I know very well and I absolutely am not advocating for removing TLS. I am only saying that there is no need for them to remove it as IsP's can already access your traffic if needed through a lawful intercept. These are part of ISP certification. You're very naive if you believe there is no way for the ISP to view your traffic just because you're over an Https connection.
The ISP has "Intercept Access Points" withing their infra that will just clone you're data. Without you knowing. This is a feature. Turned on with a warrant always I'm sure.
Making my point of your ISP not being there to defend your privacy. It's not their mandate. Their mandate is to provide an internet service to you, and a mechanism to intercept to law enforcement.
Nobody is talking about passing around plain text over the wire here.
>You're very naive if you believe there is no way for the ISP to view your traffic just because you're over an Https connection.
they can see the connections, the volume, and the ciphertext being exchanged, but unless...
A) the server is compromised
B) the client is compromised
C) they can break the key exchange algorithm or the symmetric algorithm being used
...the ISP or any other MITM cannot see the plaintext. by design.
> You're very naive if you believe there is no way for the ISP to view your traffic just because you're over an https connection.
You seem to be under an impression an ISP's "Intercept Access Point" is somehow different from any downstream MitM. An ISP is certainly has more area than a coffee shop network, but the threat model stays mostly the same. Both I and Comcast can run tcpdump or mess with your packets to the extent cryptography permits.

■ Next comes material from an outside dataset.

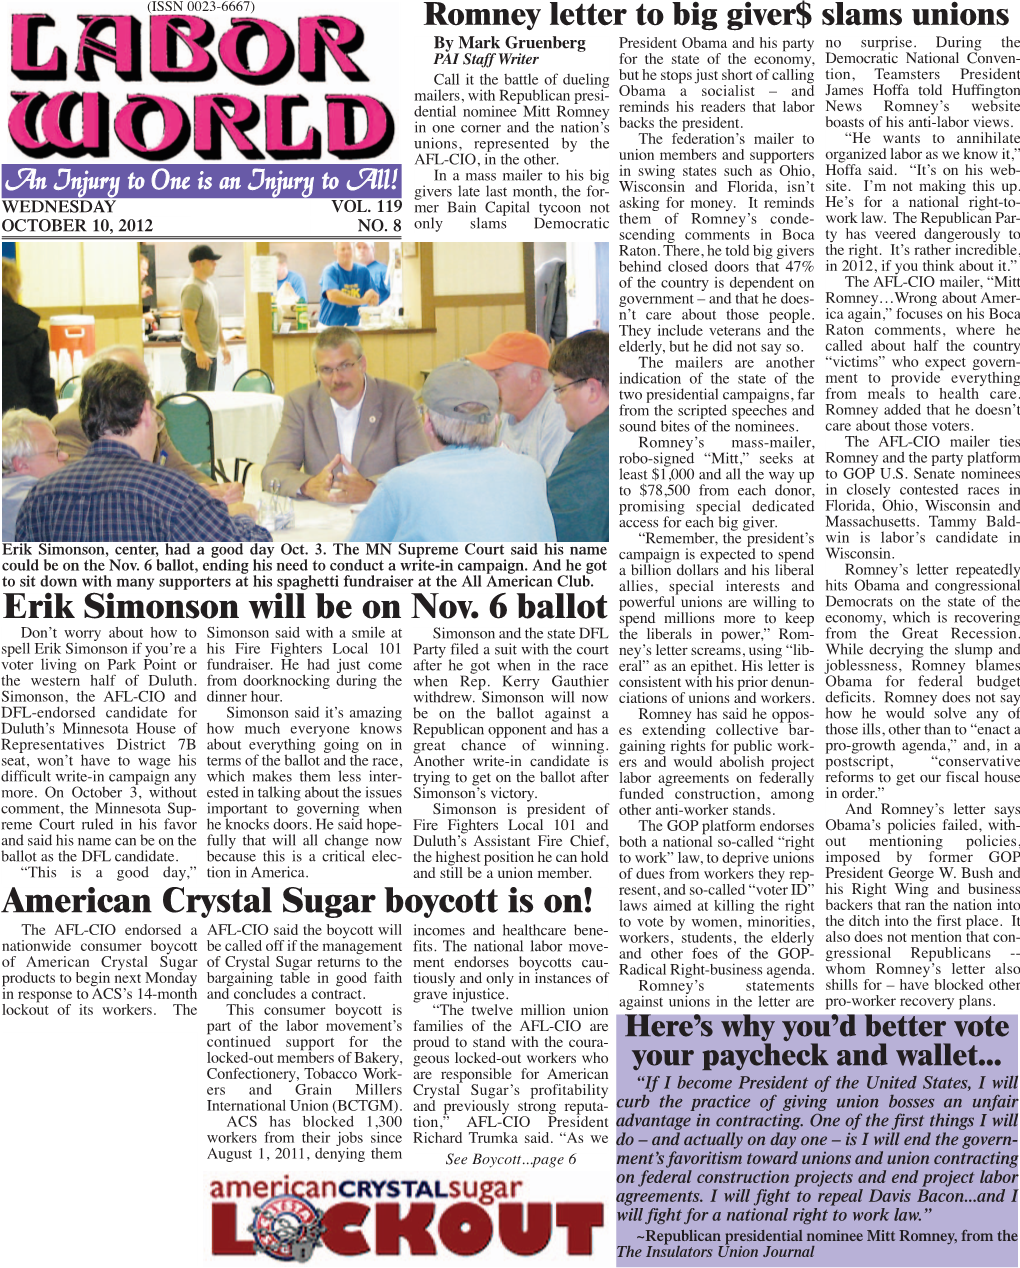 Erik Simonson Will Be on Nov. 6 Ballot American Crystal Sugar Boycott Is

There are only some realistic ways you could intercept a TLS connection, and that would be
1) For you to use TOFU, and the ISP to tamper with the initial key exchange. To stay undetected, you would have to ensure every vantage point after provides your compromised keys, expanding to potentially every cellular provider, home/business connections, and data-centers, potentially even outside your jurisdiction. This would be easiest if you could meddle near the backbone, until you realize the cost of deeply inspecting every packet, detecting the protocol, and transparently re-encrypting _all_ the internet. As soon as you verify out-of-band, even over a VoIP call, or the target crosses into a network you didn't compromise, your cover is blown. And you've only got shot at intercepting the key exchange, so you can't afford to be picky about who to target.
2) In practice, most traffic uses Certificate Authority roots from the browser's default set. As I've said before you can either plead with the citizens to install your intercept CA, or you can find one trusted by browsers without cross-jurisdictional threshold signatures and try to apply rubber hose cryptoanalysis until the rights certs get signed. A transparency log will mandate you publish your MitM cert onto an immutable global ledger, letting everyone know something fishy is going on. Your attack has succeeded, but at the cost of blowing your cover.
What an ISP, as well as me as a network admin, do see is the domain and IP, timing, and packet size. That does allow me to deduce a lot about you--large packets sent to whatsapp.com are probably images, many small ones may be a call. But that's about it unless you can get the keys.